5.3 Matching music to POI

In the final, and more important evaluation of the effectiveness of the music-to-POI matching approach, we measured the proportion of “Yes” answers to the question “Was it a good music for that place of interest?”. This proportion was substantially higher in the MATCH condition (0.77) than in the MUSIC condition (0.60). This difference in proportions is statistically significant, \(\chi ^2\)(1, N = 308) = 10.89, p \(<\) 0.001. We can conclude that users evaluate the music tracks recommended by our proposed method to better suit the POIs than the music tracks suggested in the control setting.

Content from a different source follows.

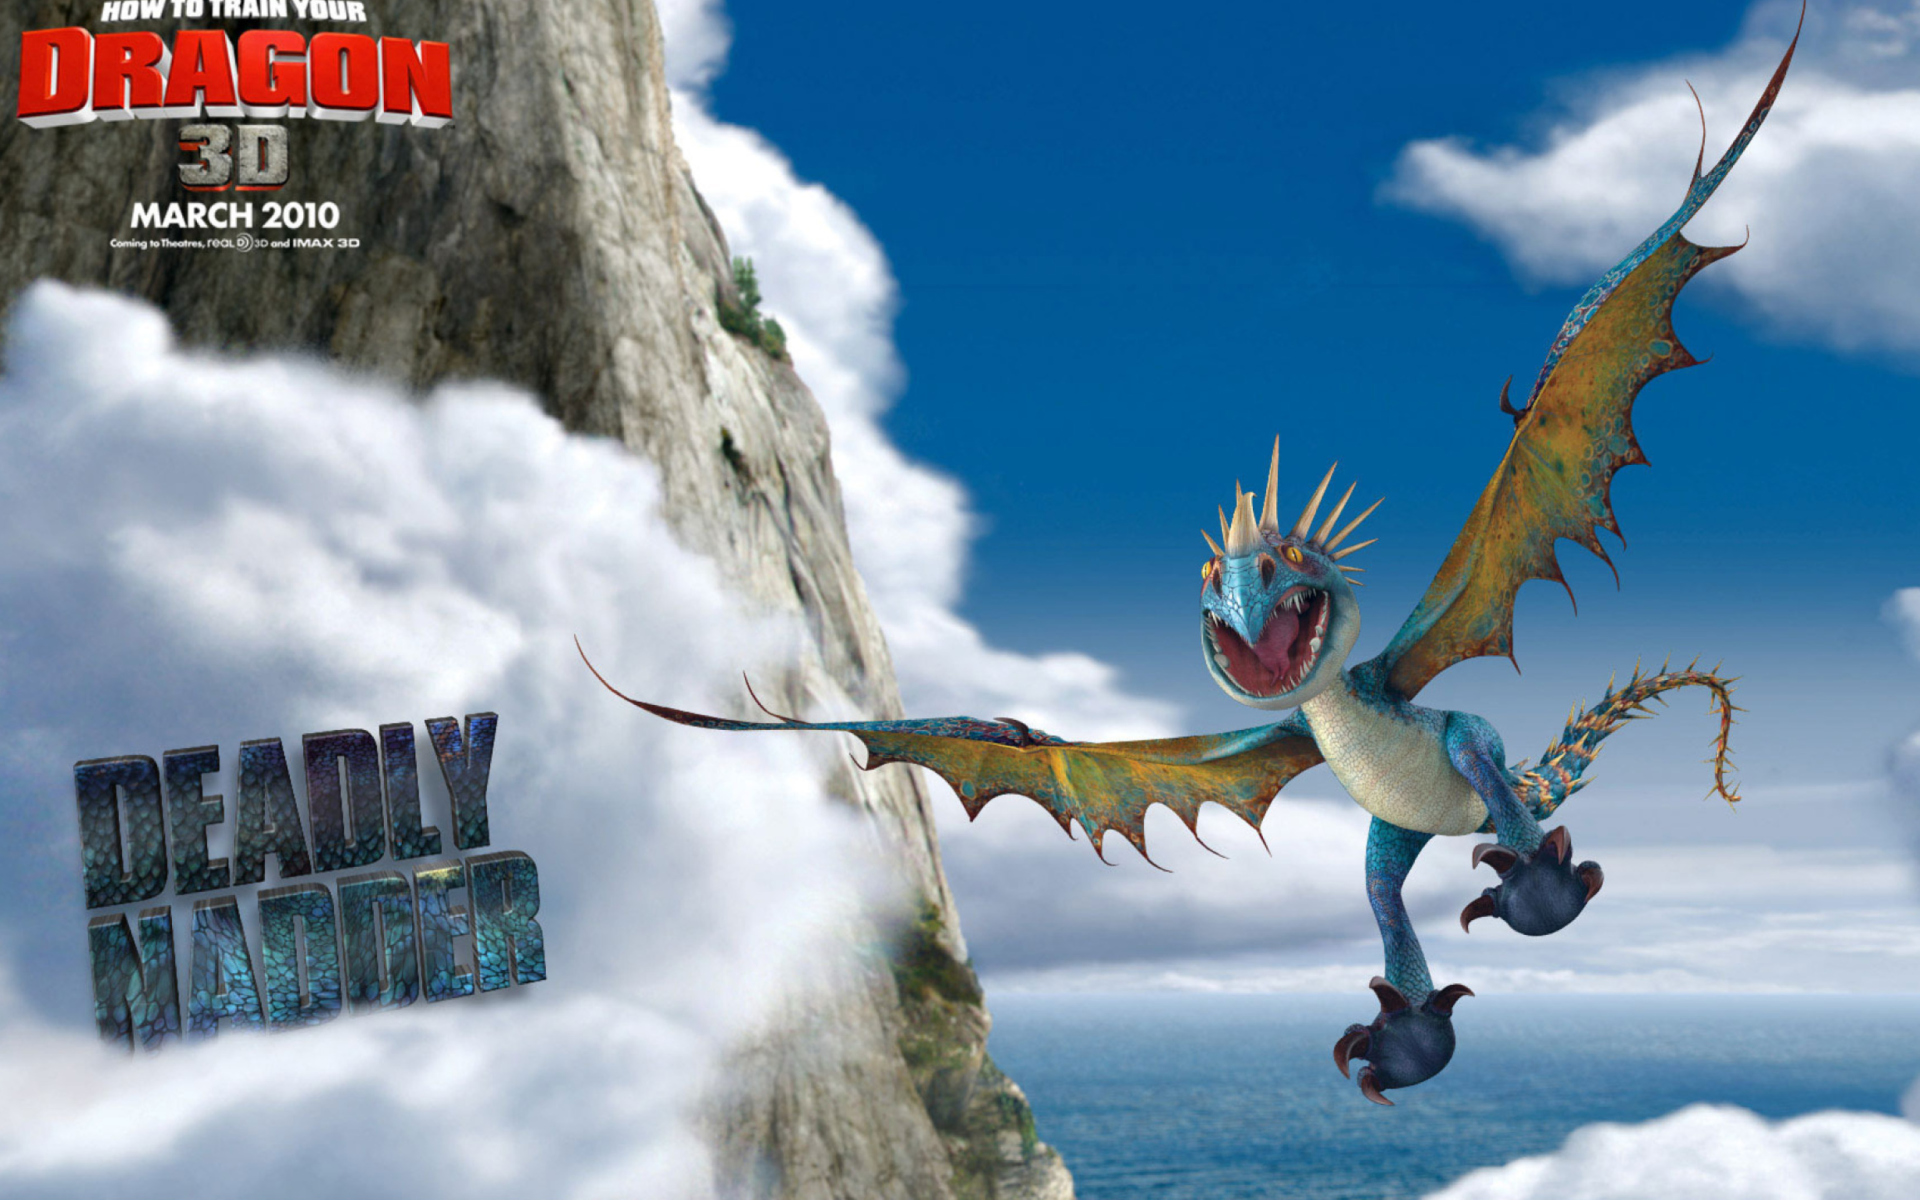 How to Train Your Dragon wallpaper 1920x1200
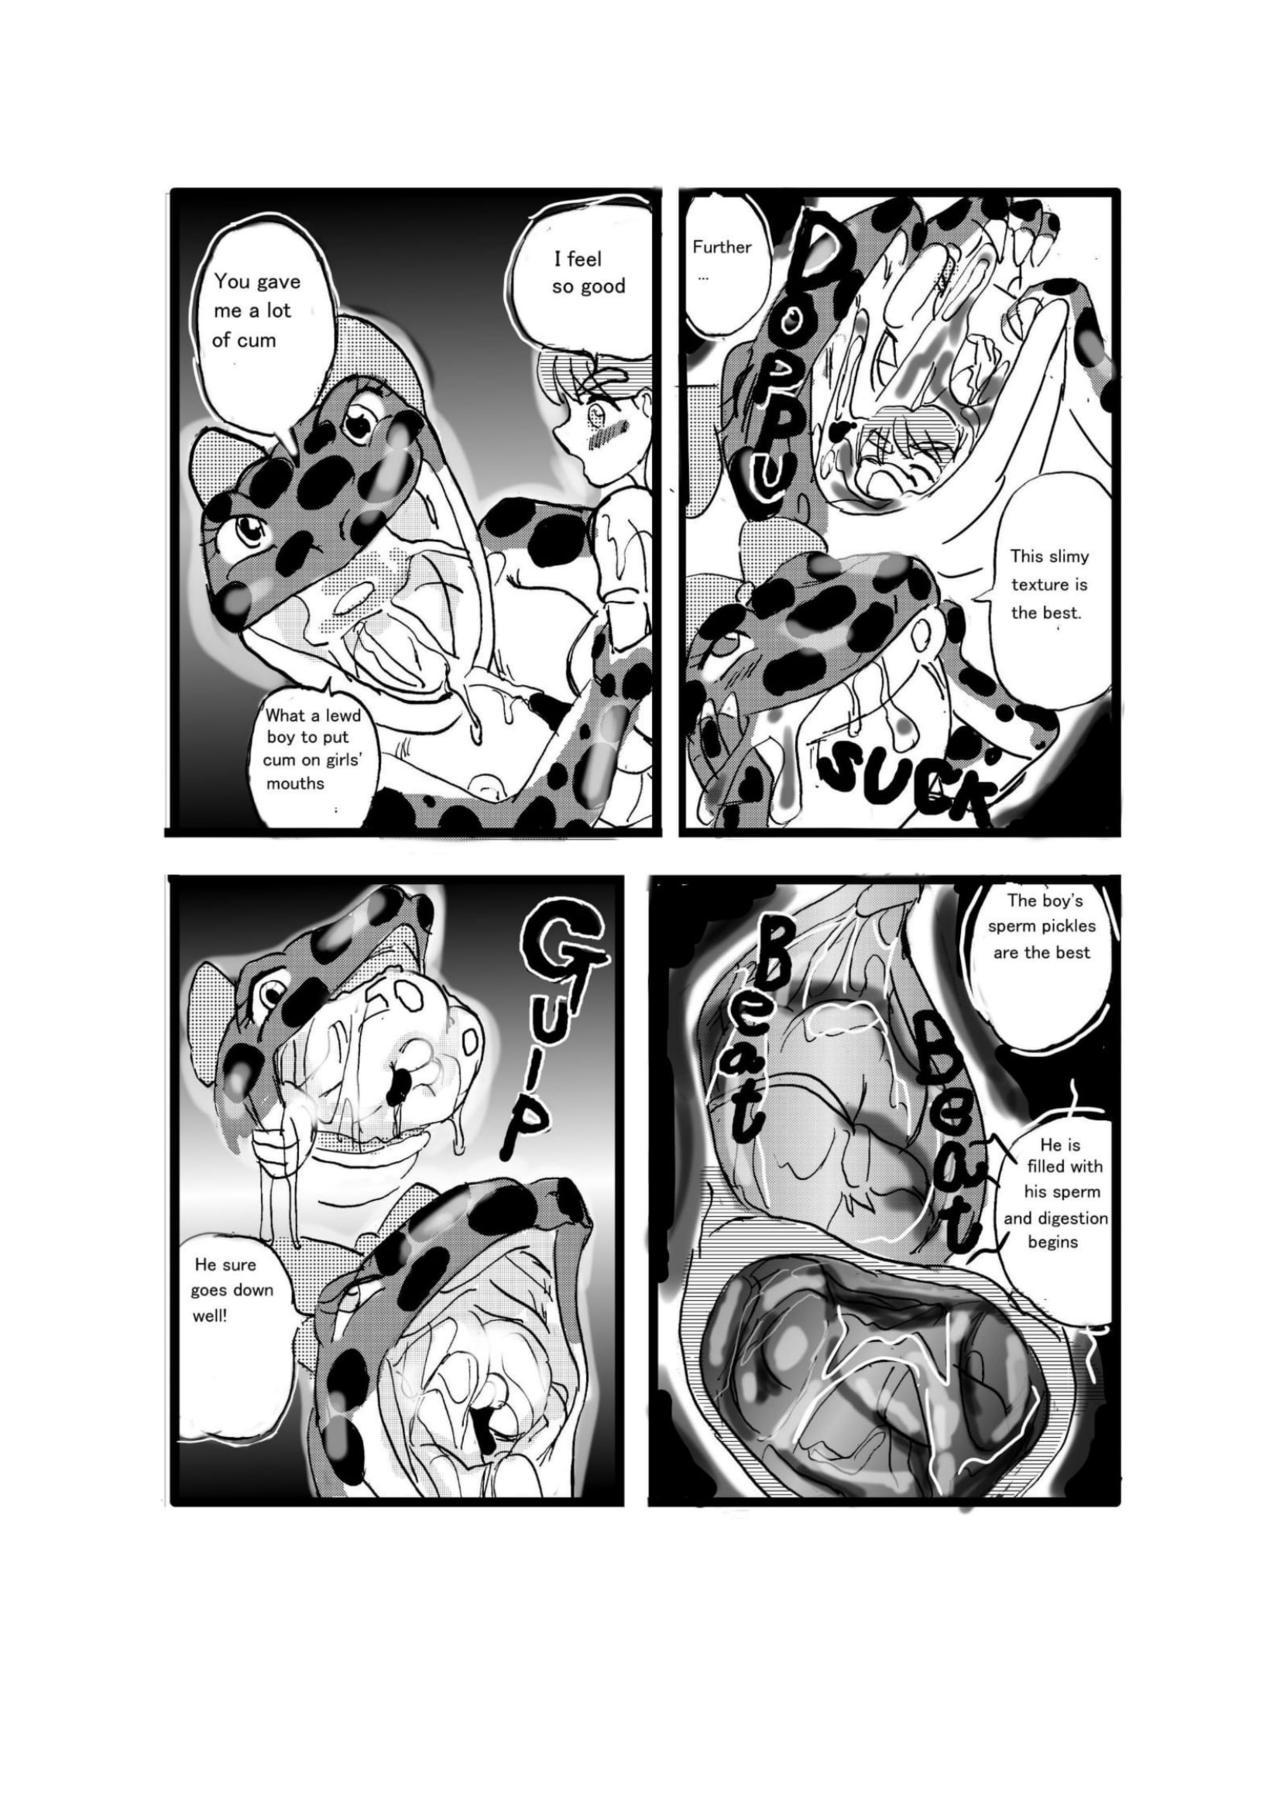 Sucks Swallowed Whole vol.2 Waniko + What's Digestion? - Original Point Of View - Page 8

Moreover, to additionally confirm this result, we have analyzed users’ behavior when manually selecting alternative tracks for the POIs. If unsatisfied with the music recommendation, a user was shown a list of four tracks (presented in a random order)—two tracks retrieved by our approach, and two tracks randomly selected from the remaining tracks in our dataset. Even in this case, the users strongly preferred the music tracks matched with the POIs—out of 77 manual music selections, 58 (75 %) were chosen from the tracks matching to the POI and 19 (25 %) from the randomly selected tracks, i.e., the probability that a user selects a matched music track is about three times higher than that of selecting a random music track. This preference for matched music tracks is also statistically significant, \(\chi ^2\)(1, N = 77) = 19.75, p \(<\) 0.001, which proves our hypothesis that users prefer tracks for POIs that are generated by our music-to-POI matching approach.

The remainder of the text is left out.